» **TASK INPUT**:
*****

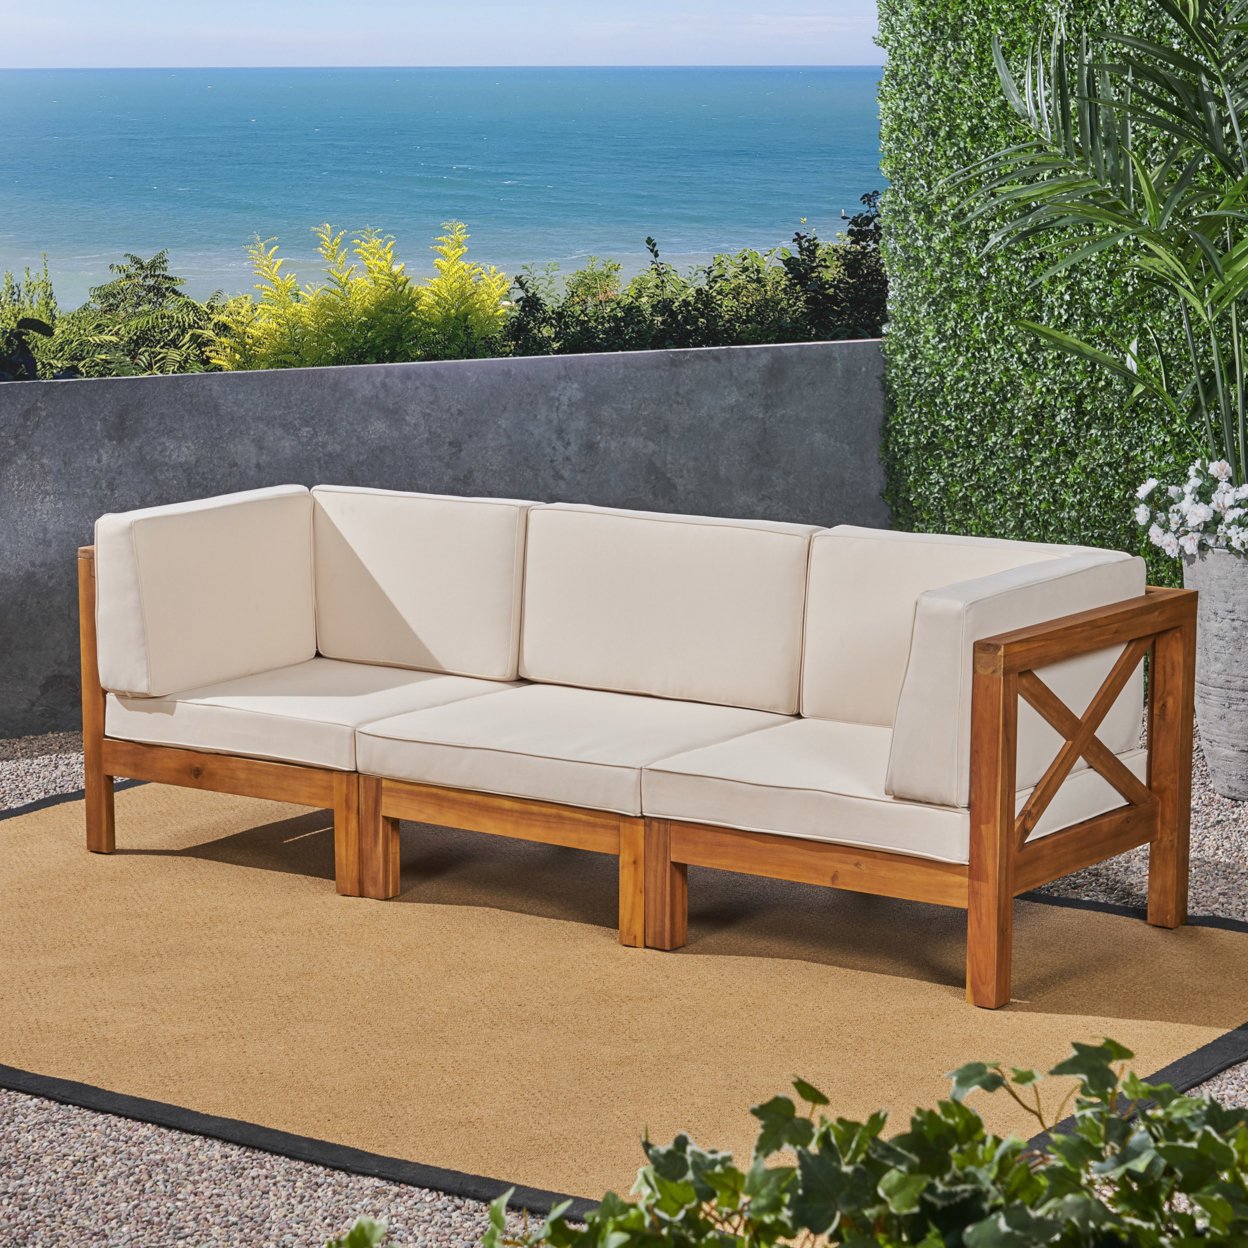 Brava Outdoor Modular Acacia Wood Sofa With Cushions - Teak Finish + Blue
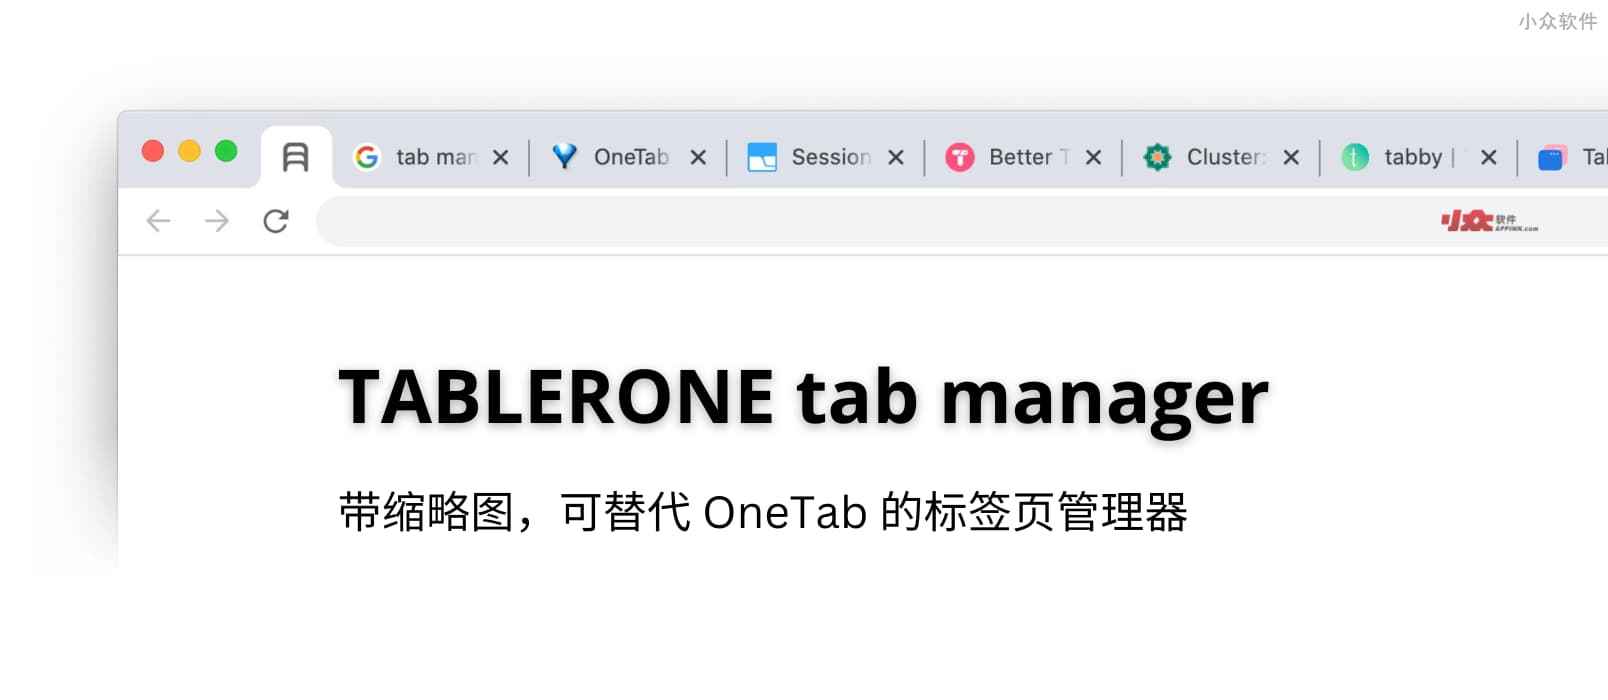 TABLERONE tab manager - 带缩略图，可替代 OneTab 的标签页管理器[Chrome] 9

*****

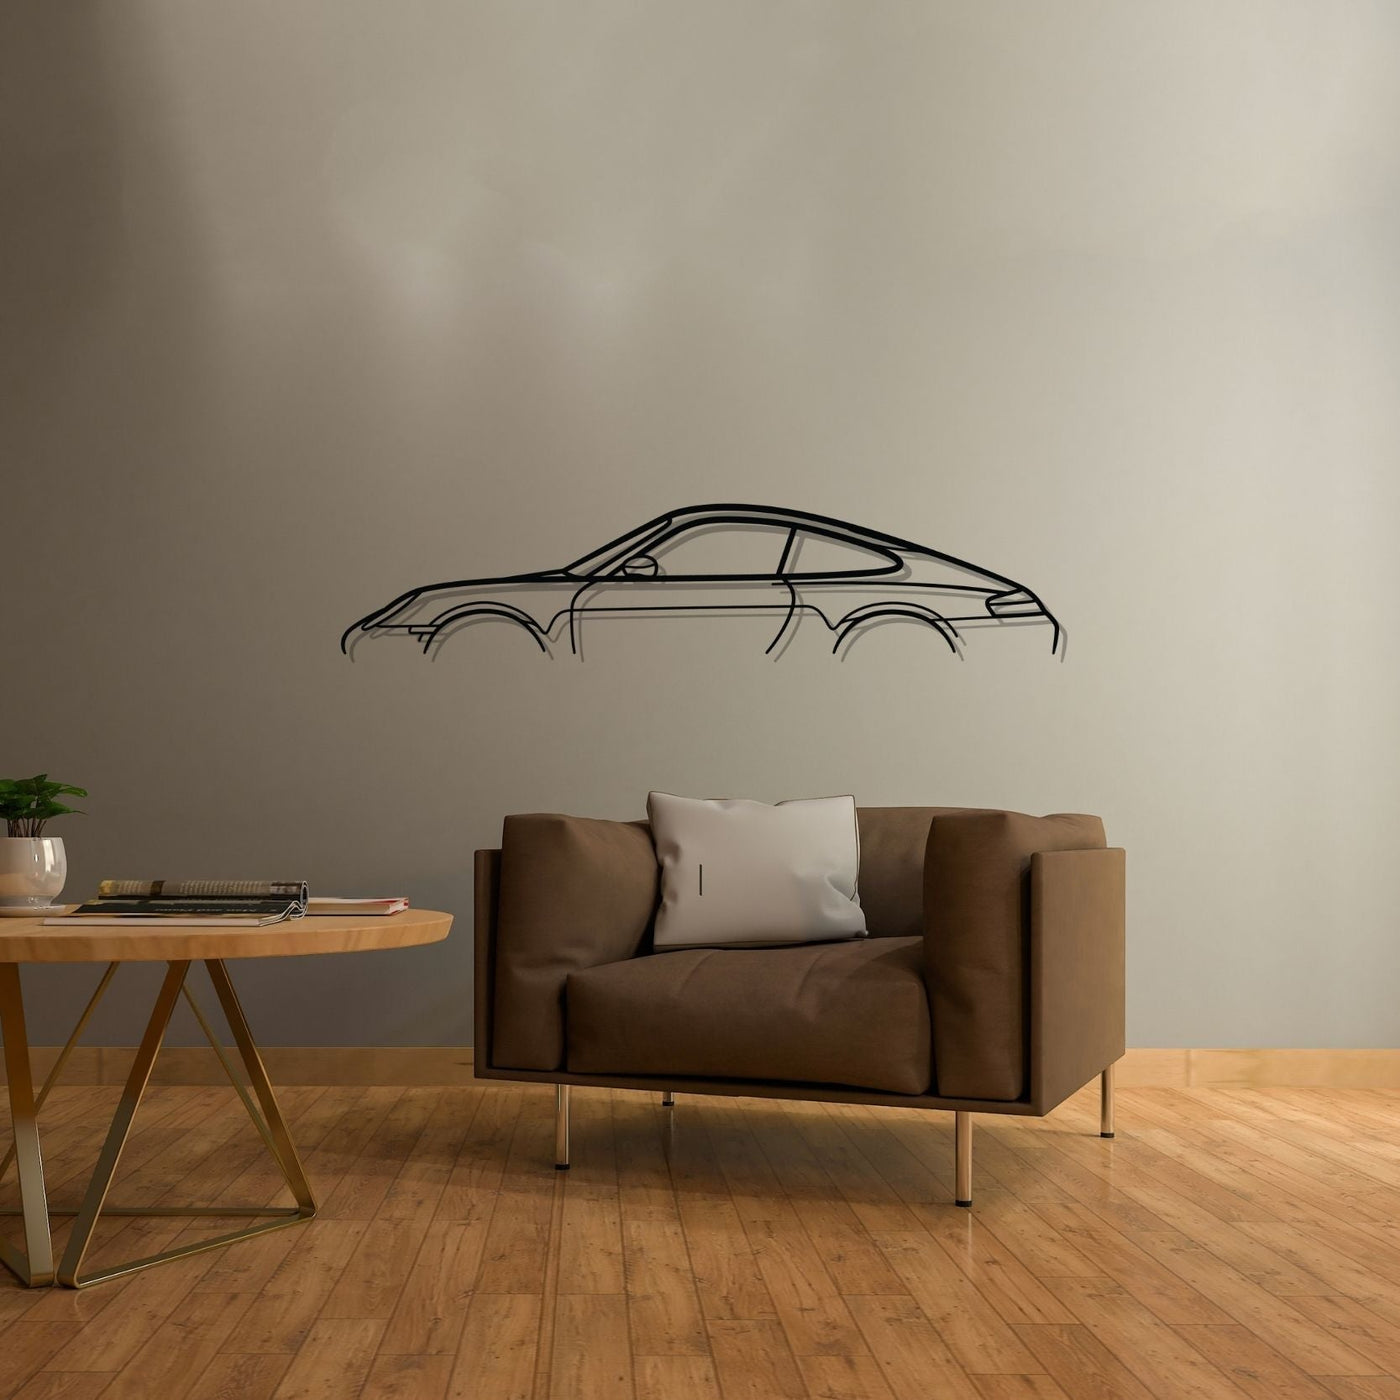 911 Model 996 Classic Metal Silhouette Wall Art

*****

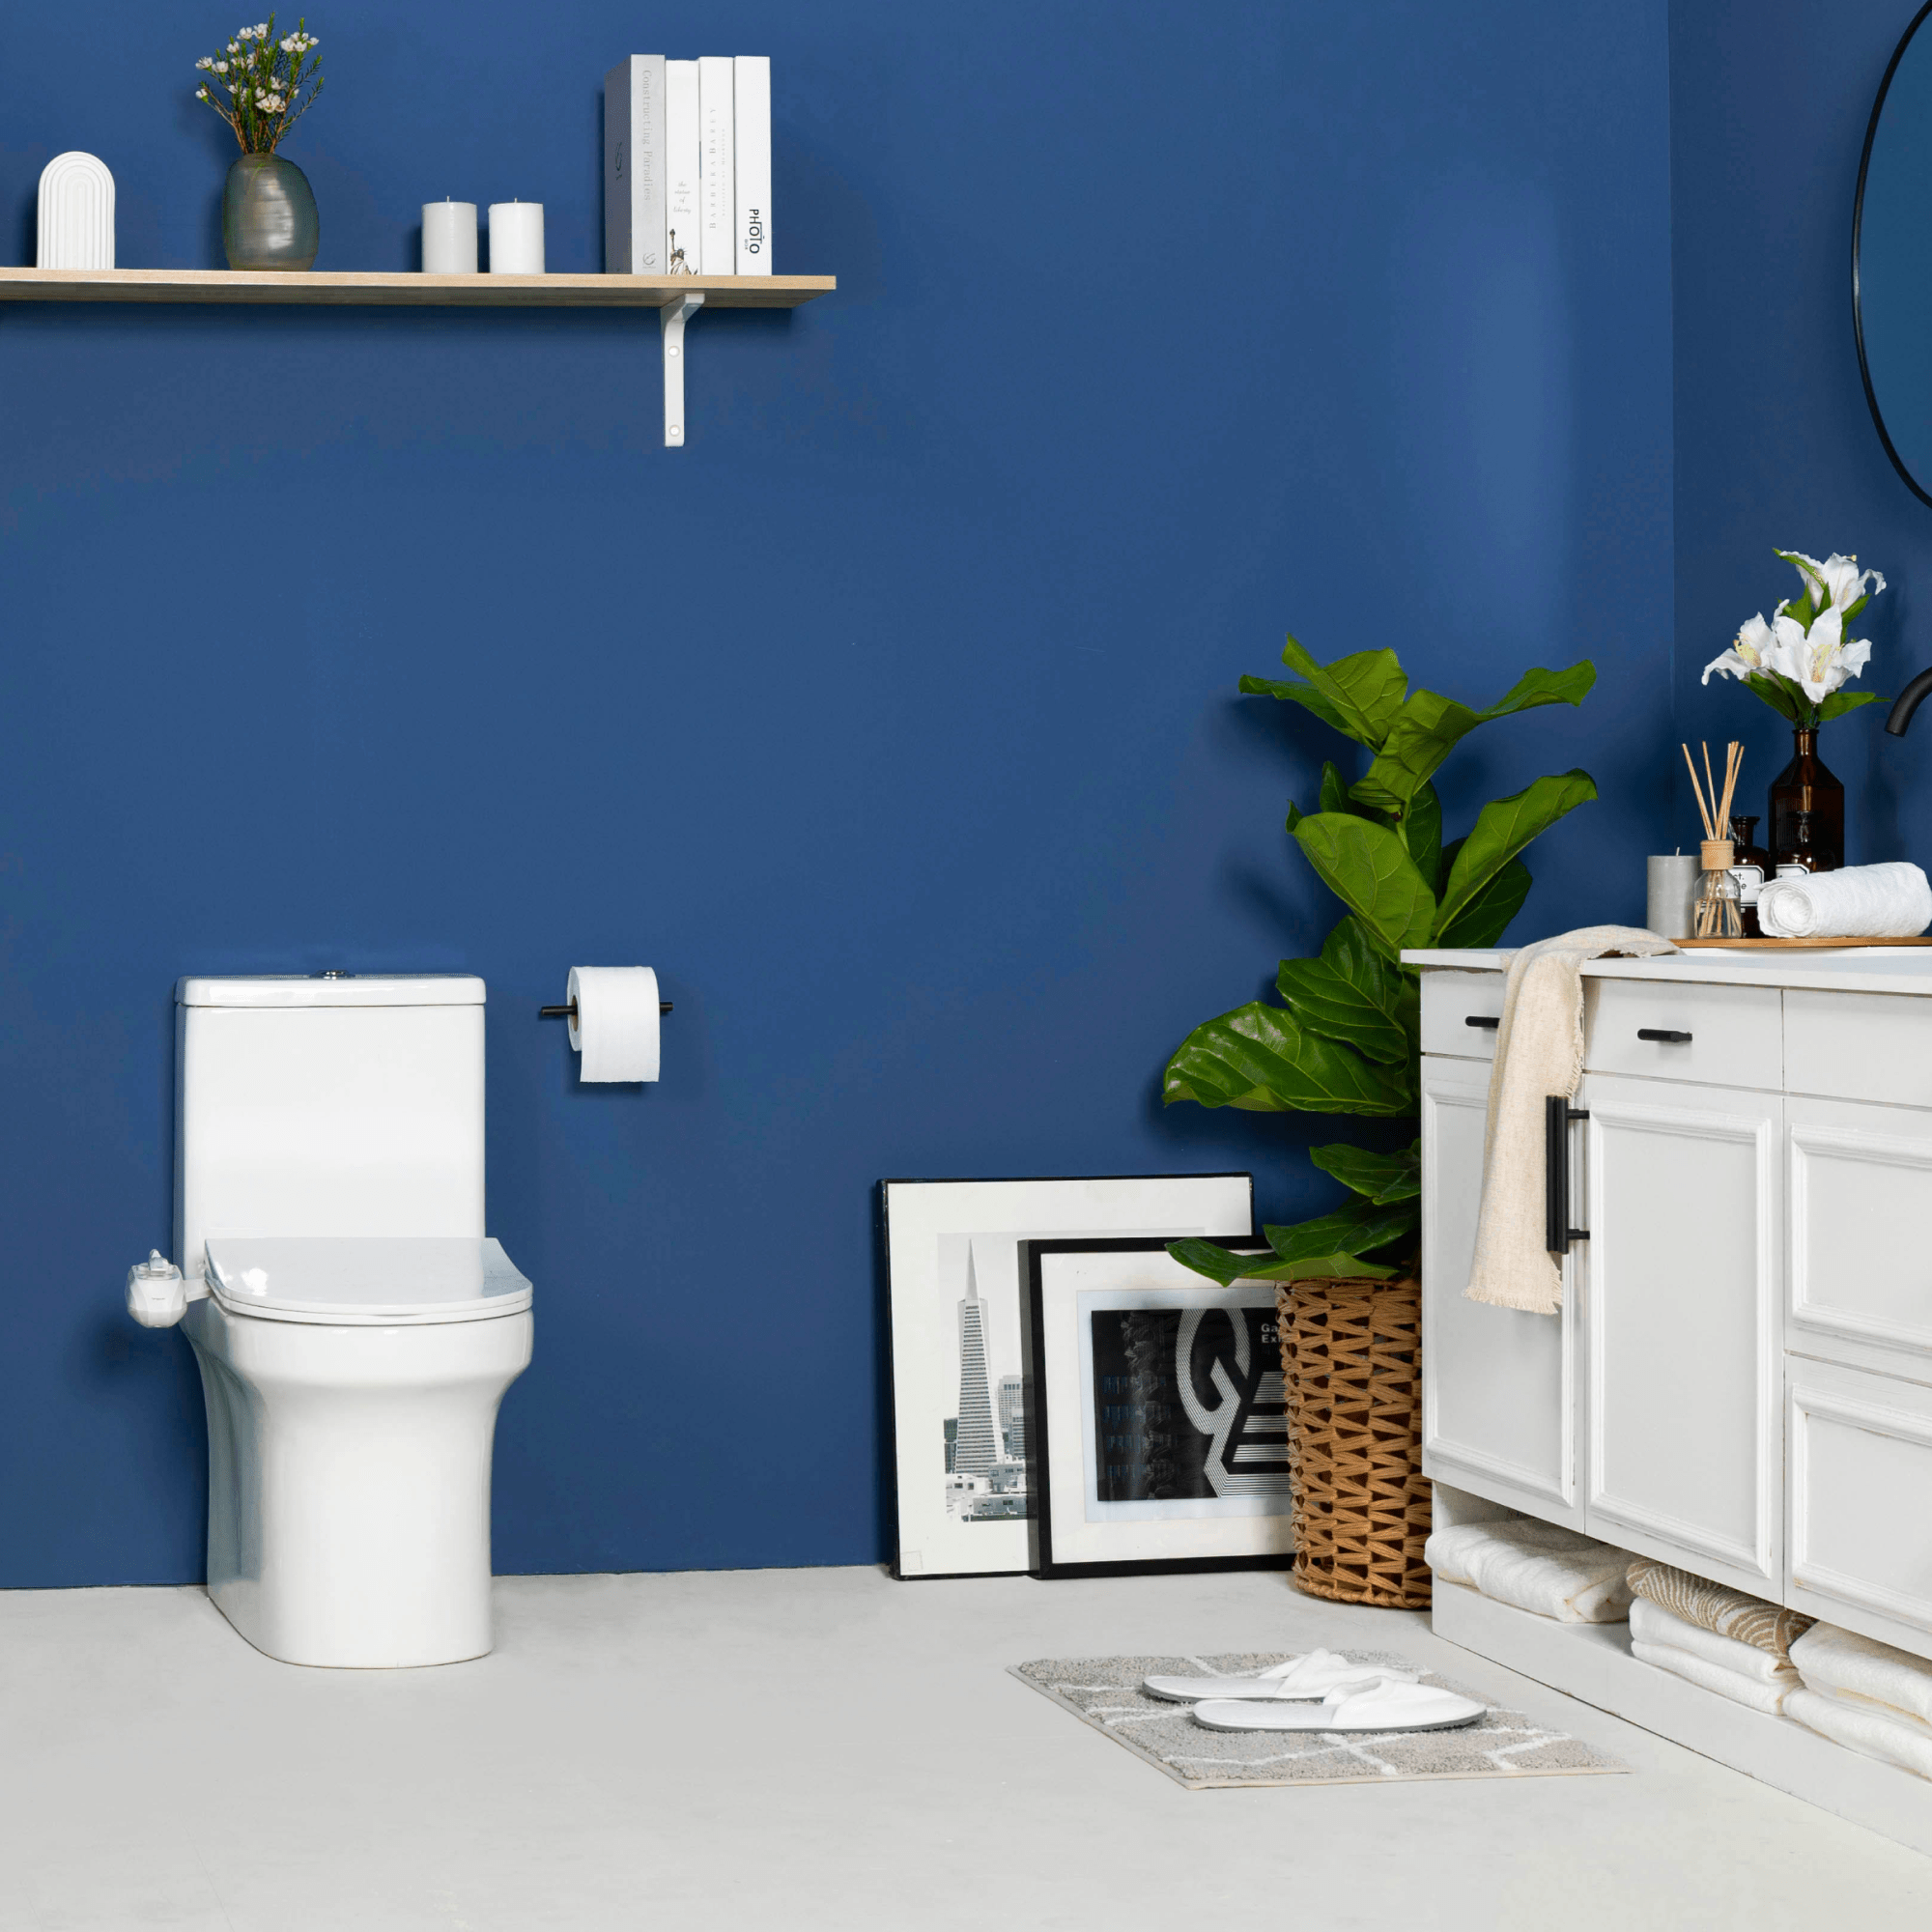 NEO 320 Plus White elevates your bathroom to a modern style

*****

» **WORK INSTRUCTIONS**: Repeat, without pictures, exactly the lines of the data above from the one containing "Brava Outdoor Modular" through the one containing "TABLERONE tab manager", including both and adding nothing.

» **ANSWER BOX**:
 Brava Outdoor Modular Acacia Wood Sofa With Cushions - Teak Finish + Blue
 TABLERONE tab manager - 带缩略图，可替代 OneTab 的标签页管理器[Chrome] 9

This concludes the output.